Yesterday, Sen. Bill Eigel offered a comical amendment to the Journal that the Senate was “interrupted by a stampeding herd of rhinoceroses running through the Senate chamber, laying waste to the institution. The sergeant-at-arms of the Missouri Senate is advised to keep an eye out for the return of the stampeding herd of rhinoceroses should it return to the chamber at any point during the final two days of the legislative session.”

After a recess, Sen. Mike Cierpiot retaliated with his own amendment that “the opinion of the Missouri Senate that the Office of the Missouri Attorney General should not expend any public funds or moneys from the Missouri State Legal Expense Fund in the defense of, or the payment of damages from, lawsuits brought against Senator Hoskins, Senator Brattin, or Senator Schroer that are currently pending…”

When Eigel arose to attack Cierpiot over the amendment (“The 8th betrayed the entire pro-life cause in the state of Missouri for a generation yesterday by derailing the initiative petition reform bill out of personal animosity”) Floor Leader Cindy O’Laughlin had heard enough and adjourned for the day.

What’s Next

I’ll be surprised if anything happens in the Senate today.


Huckabee for Ashcroft

Former presidential candidate Mike Huckabee will headline a fundraiser for Secretary of State Jay Ashcroft later this month…

 

MRA for Scharf

Will Scharf announced on Twitter he was “excited to receive the endorsement of the Missouri Republican Assembly, one of the largest, most organized, and most committed grassroots groups in the state!”

·       Team Scharf thinks the endorsement is particularly potent in the 7-CD (southwest MO).

 

Martin on New PACs

Politico’s Playbook reports that Ed Martin has been named a member of the leadership team for the Republican National Convention’s Committee on the Platform.

·       Martin was Governor Matt Blunt’s chief of staff before taking over – amid lawsuits and controversy – the Phyllis Schlafly Eagles.

 

Lobbyists Registrations

Noah Reandeau deleted Kids Read Now, Inc.

 

$5K+ Contributions

Missourians for Constitutional Freedom (pro-reproductive rights) - $25,000 from Gary Mark Lauder (Atherton, CA).

Missouri Right to Life Political Action Committee - $10,000 from Frederic G Sauer.

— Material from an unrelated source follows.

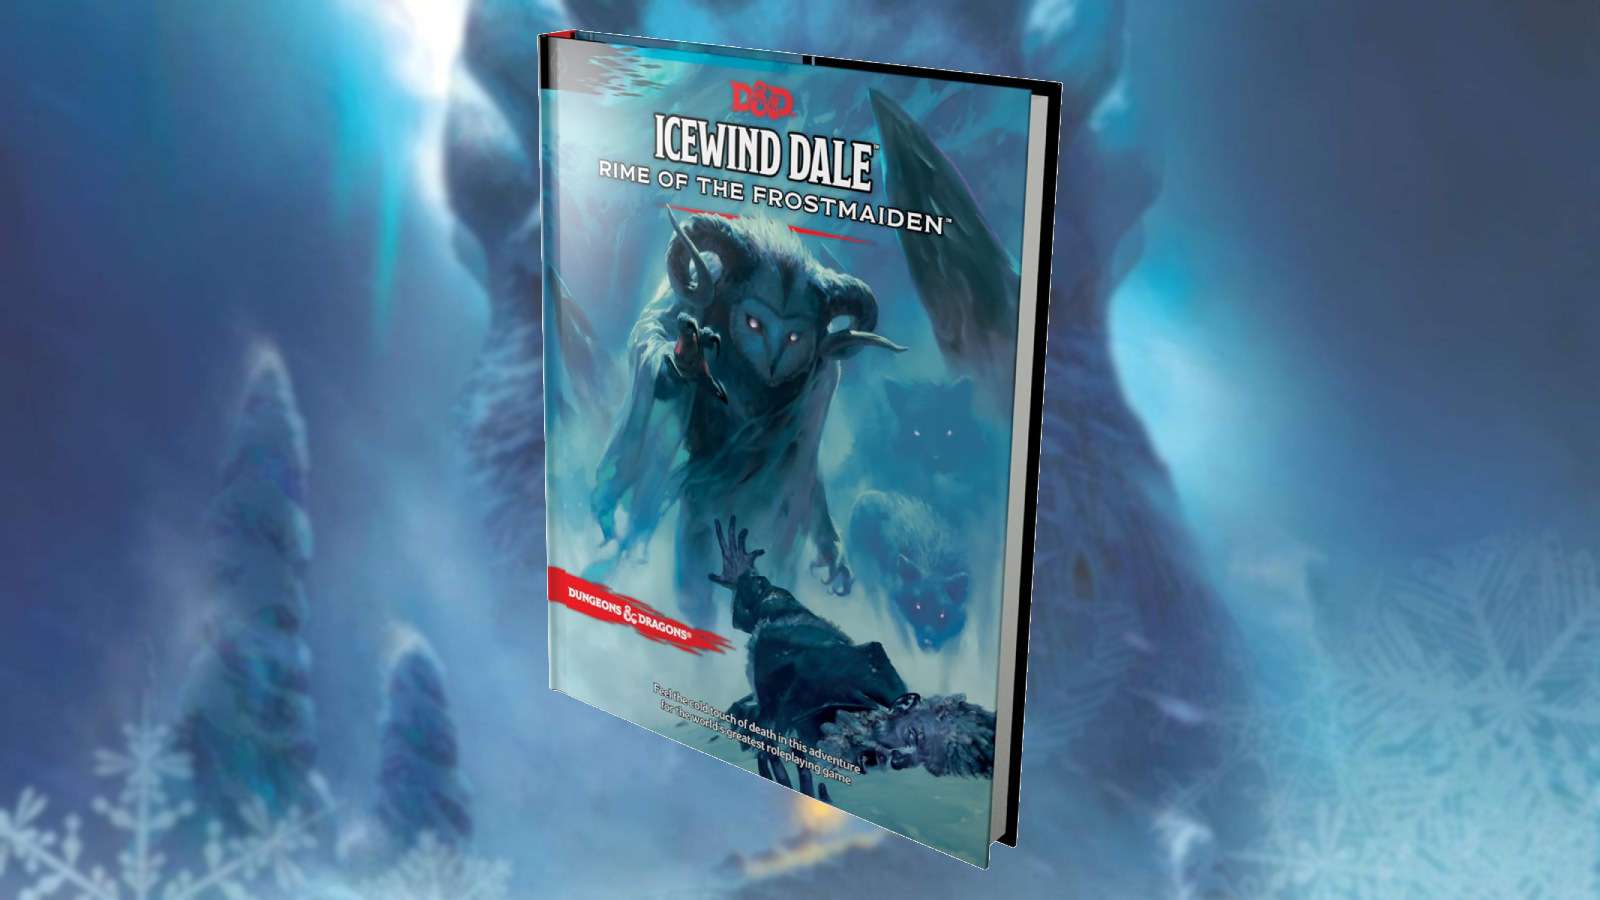 D&D Frostmaiden book and background

Gromowsky for Prosecutor - $10,000 from APD Management Co LLC.

Gromowsky for Prosecutor - $10,000 from Louis Accurso.

House Republican Campaign Committee, Inc - $10,000 from Real Action PAC.

 

Birthdays

Happy birthday to Doug Funderburk.

Saturday: Carolyn Kindle Betz.

Sunday: Will Wheeler, Chuck Purgason, Gary Cross, and Scott Callicott.

 

MOScout Schedule

I’m off for the weekend.  I’ll zap out an update this afternoon if by some miracle things jiggle free in the legislative stalemate.  Otherwise, see you Monday!